More-than-typical shortages of common over-the-counter and prescription drugs have caused headaches for sick Americans and those managing chronic diseases.
Public attention has focused on widespread shortages linked to increased demand for medicines used to treat common respiratory diseases, such as flu and respiratory syncytial virus. Those ailments spiked nationwide after a pandemic hiatus.
"Demand shortages have been kind of a new challenge for us since the pandemic," said Valerie Jensen, associate director of the drug shortage staff at the FDA. In addition to shortages of cold and flu medication, Jensen pointed to surging demand last year for Adderall and the diabetes drug Ozempic. “We've had some unusual circumstances.”
Most shortages were caused by supply-chain issues for which public policy solutions might exist. But while long-term changes might help the supply chain function better, they wouldn't necessarily stop a real-time shortage in its tracks.
Erin Fox, a senior pharmacy director at University of Utah Health who directs its Drug Information and Support Services, says her team is tracking 290 active shortages with only a handful spurred by consumer demand.
What’s going on:
— Supply disruptions: Contamination at manufacturing facilities is among the most common problems, although delays and discontinuations also contribute, according to the FDA.
Supply shortages are often linked to companies cutting corners, said Ilisa Bernstein, who spent the past 10 years of her more than 30-year FDA tenure dealing with shortage-related compliance issues.

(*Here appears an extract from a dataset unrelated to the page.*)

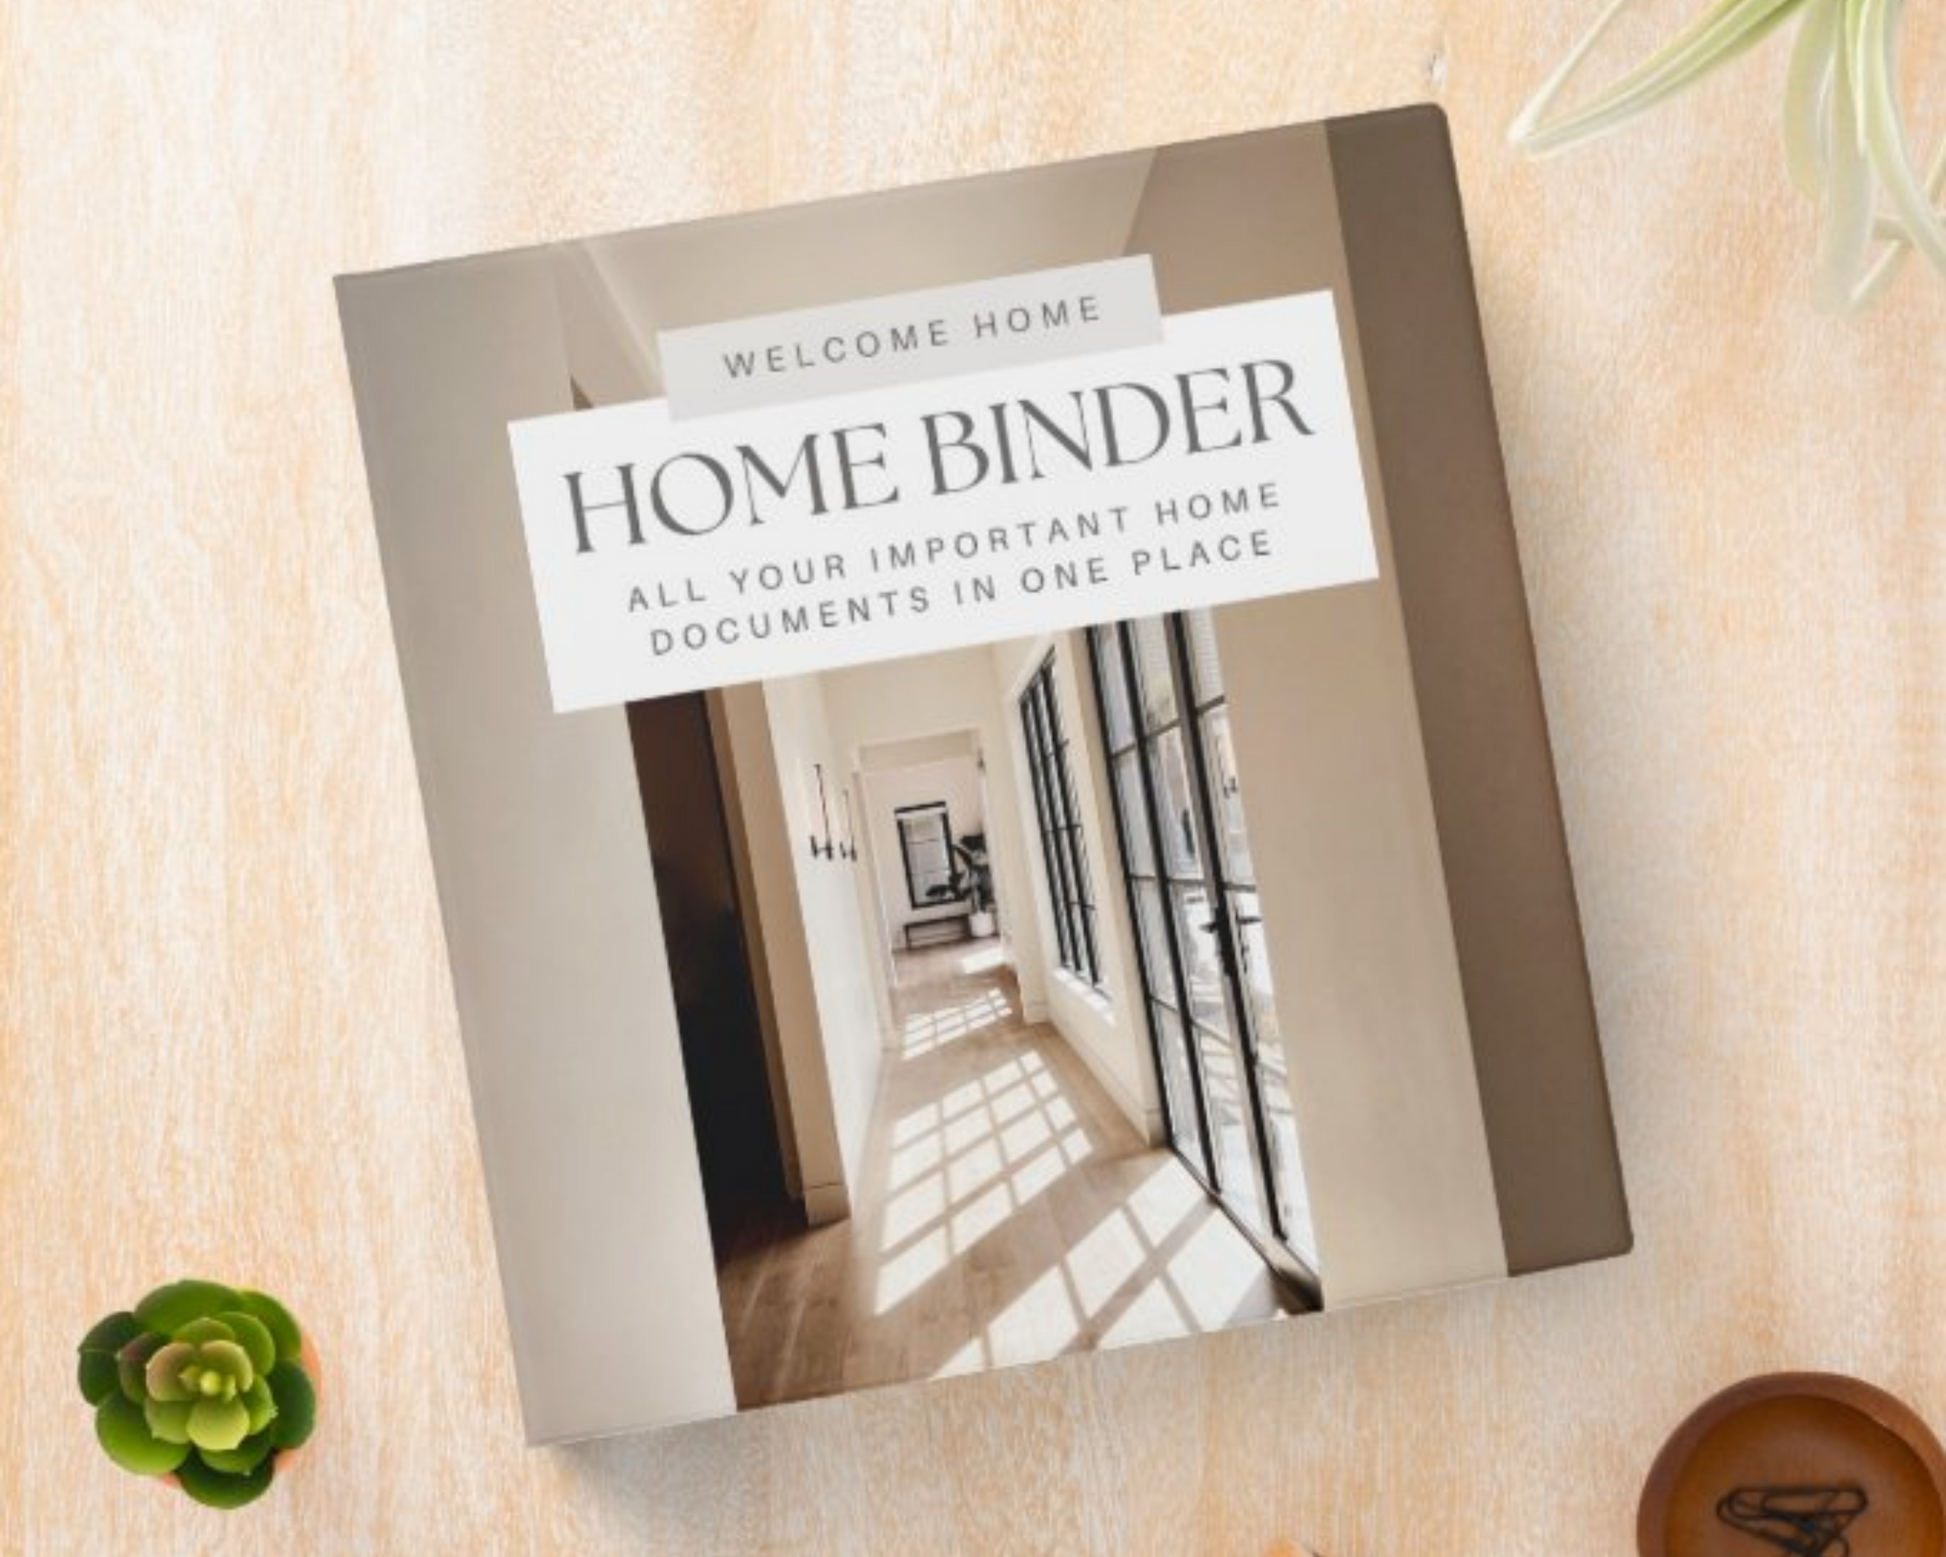 Real Estate Client Closing Gift, New Home Binder, Home Buyer Packet, Real Estate Marketing, Client Exit Packet, Real Estate Guide, Canva

“When you cut corners, you have problems, and when you have problems, you have to fix them,” said Bernstein, now interim CEO at the American Pharmacists Association. Fixing those problems often means shutting down the manufacturing line.
— Haves and have-nots: Some of the drug shortages are actually signs of misallocation. Certain parts of the country might have more supply than they need, while other parts of the country are low on or out of stock. Reallocation is easy enough for big national pharmacies like Walmart but harder for hospitals or independent pharmacies.